If I had the choice you have today........I would almost certainly take the money but invest it very carefully with a high emphasis on preservation of capital.

But my spouse also has a DB pension we would retain to pay the bills and everyone has their own unique financial situation to consider.

Good luck on your choice.......and whichever you decide enjoy your retirement. It has been a long haul and you deserve it.


----------



## ian (Jun 18, 2016)

sags said:


> Just some random thoughts as a retired GM hourly employee.
> 
> When I retired the commuted value choice wasn't available. We would have to quit and break all ties with the company. My commuted value was only $250,000 because they didn't include the 30 and out benefit or the cash value of ancillary benefits........health plan, life insurance etc. which I would have forfeited.
> 
> ...


You invested in your pension. Years of work. 

The value of the DB pension was calculated in your total compensation package...wages, pension, benefits. Your employer and your union negotiators both calculated it down to the penny on an hourly basis. It was not free...you earned it.


----------



## agent99 (Sep 11, 2013)

skyhi said:


> How does one temporarily protect their investments if one thinks a large market correction is imminent?

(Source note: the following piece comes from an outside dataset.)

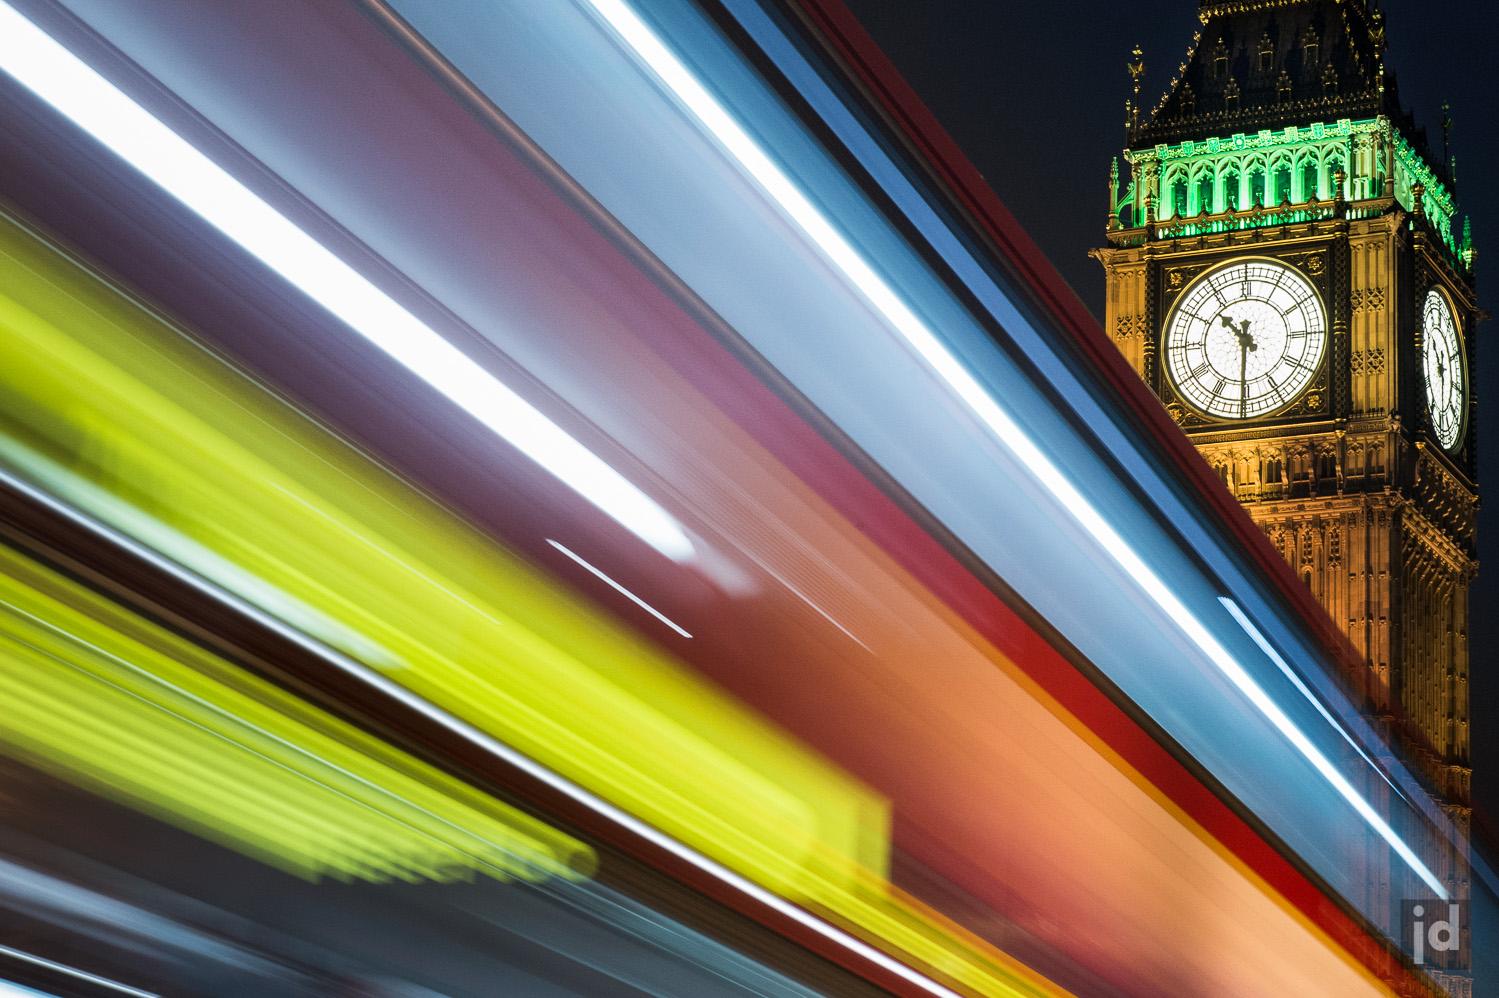 London_Photography_Jason_Davis_Images_025.jpg
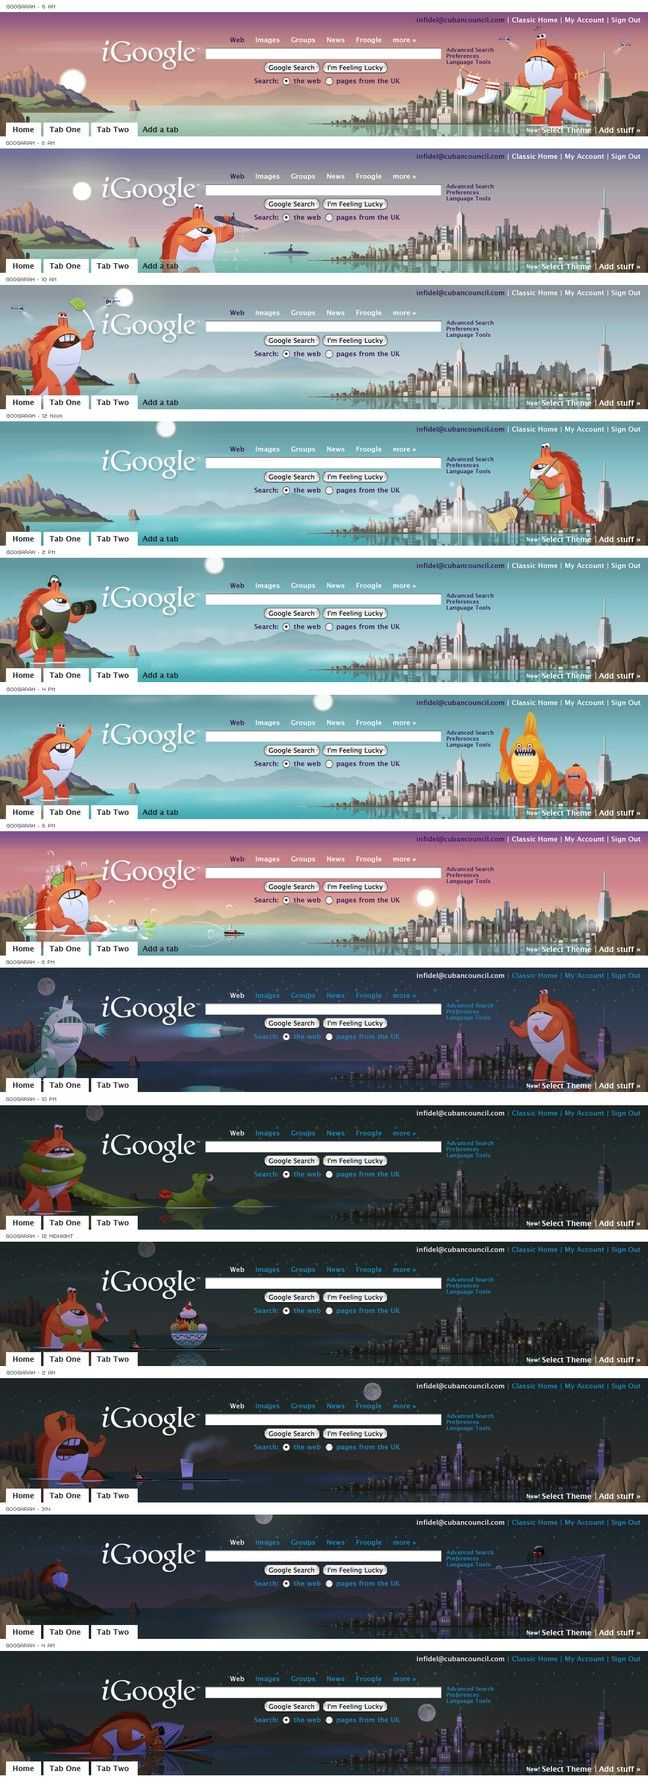 Google themes that move -  Google Y U No Move Dynamic Themes To Google Chrome Igoogle Themes Lolz Absurdities Nerdities And Oddities Pinterest Google Chrome

One option, is to invest in a select group of solid blue chip Canadian stocks that pay dividends. Banks, utilities, telecoms and the like. 
They too will go down in market value in a correction, but they very seldom reduce their dividends. No worries when the divvies keep flowing in. The stock prices will recover along with the economy. 
Dividend etfs are an option, but with those you get the good with the bad. Better to have about 10 good stocks. 
Adding some fixed income may be prudent. Not many choices though.ñ


----------



## londoncalling (Sep 17, 2011)

I act as a trustee on a pension fund. The feds recently changed the calculation formula for commuted values. In effect, it has allowed pension funds to pay a lower commuted value then a few years ago. This was to encourage plan members to leave their money in the fund. I took a LIRA from a small pension about a decade ago. The amount was very small as I was only an employee for about 5 years. If you have zero interest in investing it is best to leave it as a pension. You can also invest the proceeds of your home when you sell it. If you are concerned about the funds solvency you can usually get that information from the funds annual reports.


----------